I'd ask you to write out the lines below exactly, with no images.

**Source data**.
<<<<

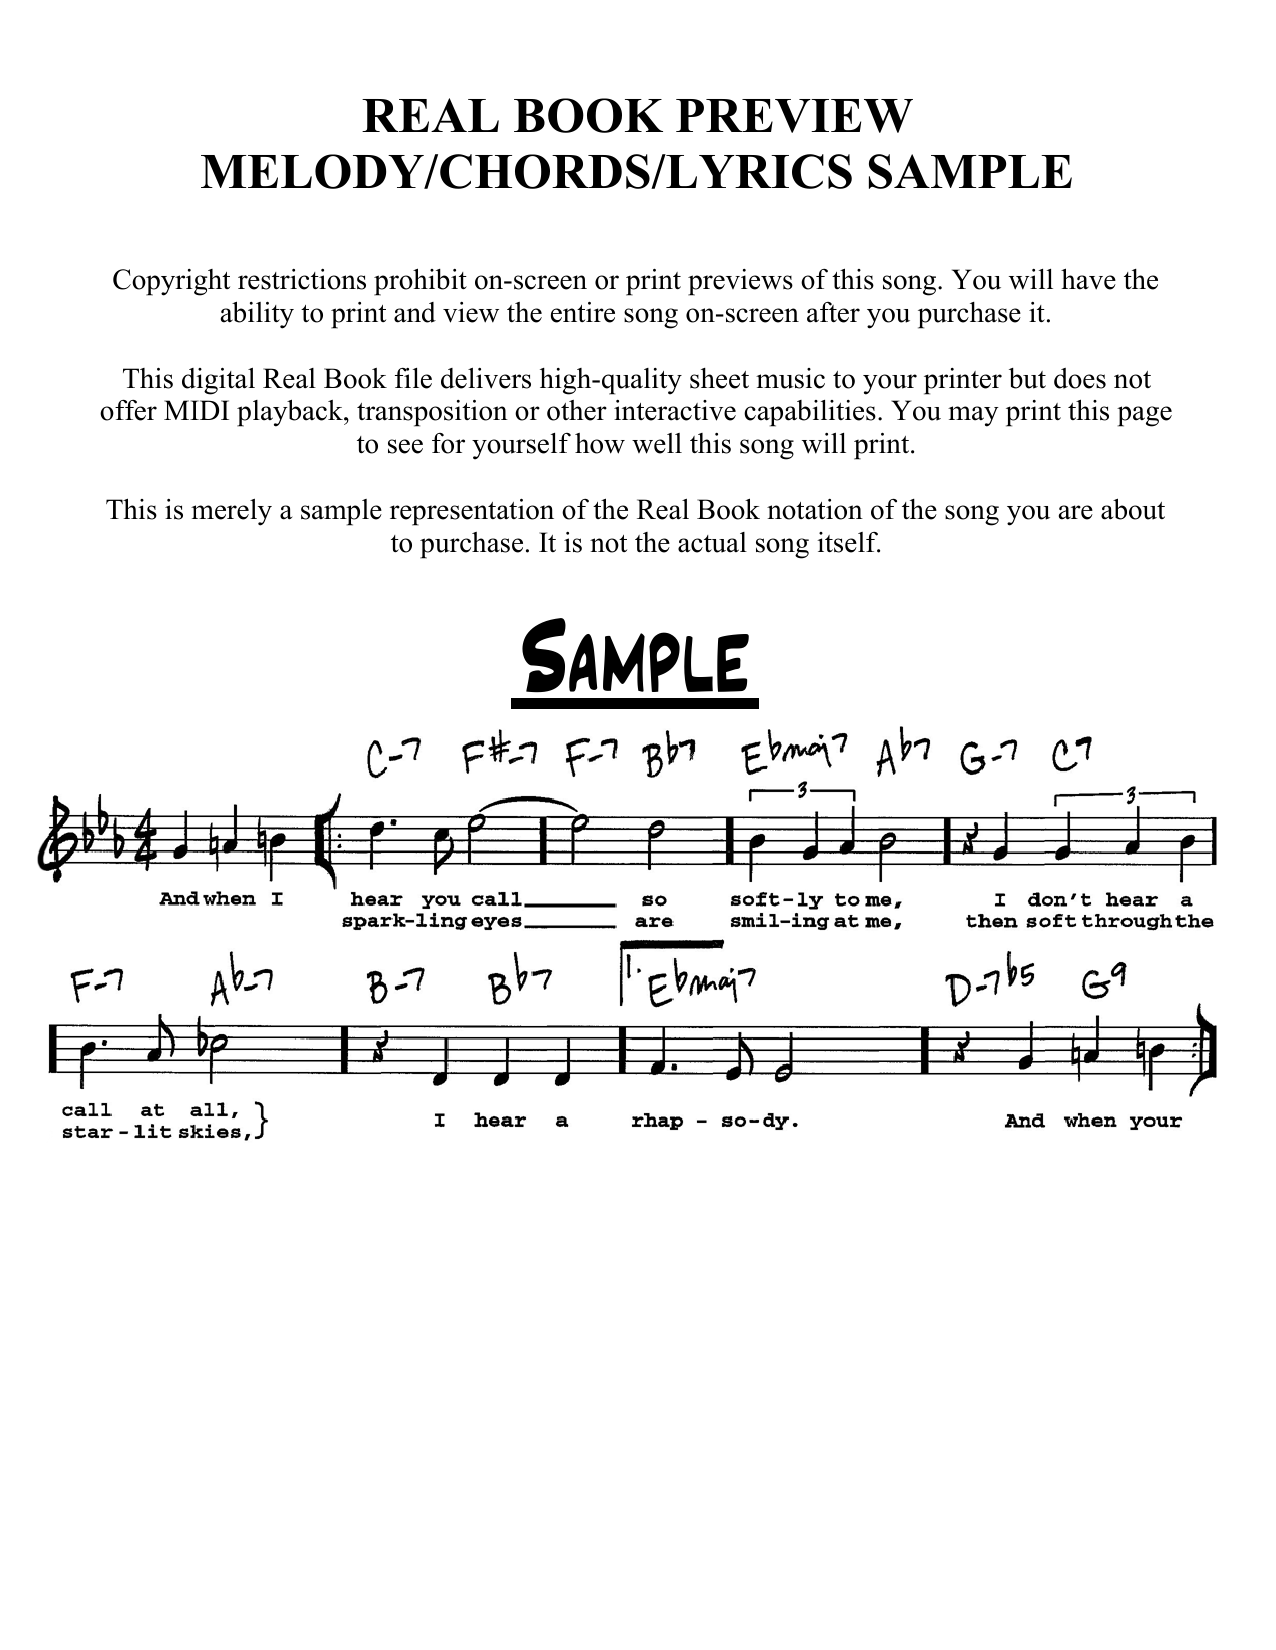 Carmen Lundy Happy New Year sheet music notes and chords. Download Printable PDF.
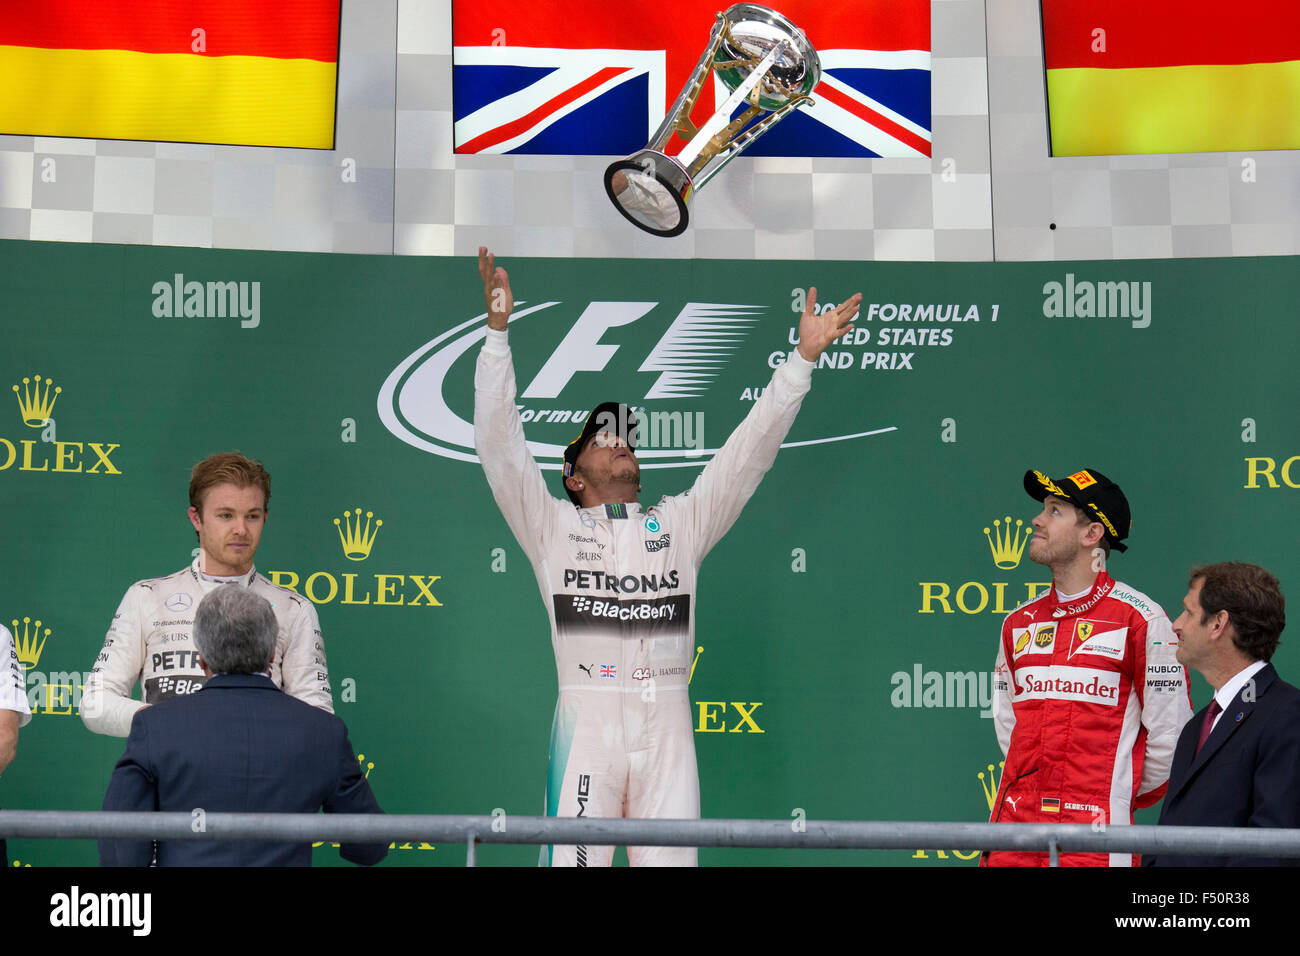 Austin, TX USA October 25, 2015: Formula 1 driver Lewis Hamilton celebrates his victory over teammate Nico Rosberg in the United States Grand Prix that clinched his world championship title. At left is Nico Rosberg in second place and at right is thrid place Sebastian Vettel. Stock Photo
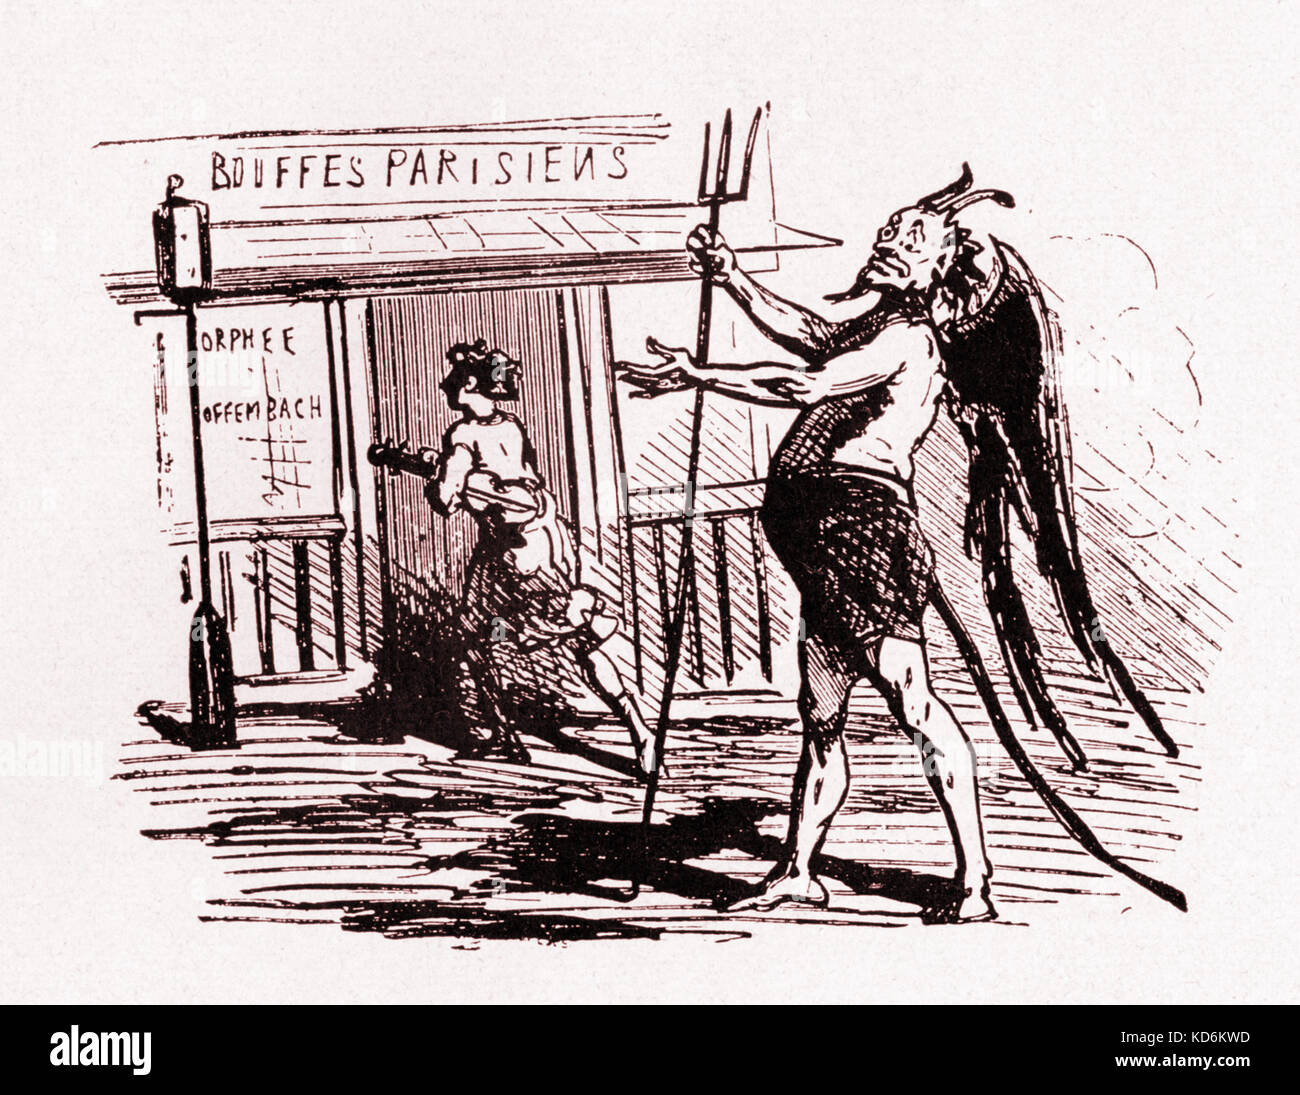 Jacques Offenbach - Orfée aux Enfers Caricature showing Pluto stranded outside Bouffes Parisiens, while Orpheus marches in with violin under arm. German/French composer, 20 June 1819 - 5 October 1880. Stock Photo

>>>>

**Answer to the problem**.
 Carmen Lundy Happy New Year sheet music notes and chords. Download Printable PDF.
 Austin, TX USA October 25, 2015: Formula 1 driver Lewis Hamilton celebrates his victory over teammate Nico Rosberg in the United States Grand Prix that clinched his world championship title. At left is Nico Rosberg in second place and at right is thrid place Sebastian Vettel. Stock Photo
 Jacques Offenbach - Orfée aux Enfers Caricature showing Pluto stranded outside Bouffes Parisiens, while Orpheus marches in with violin under arm. German/French composer, 20 June 1819 - 5 October 1880. Stock Photo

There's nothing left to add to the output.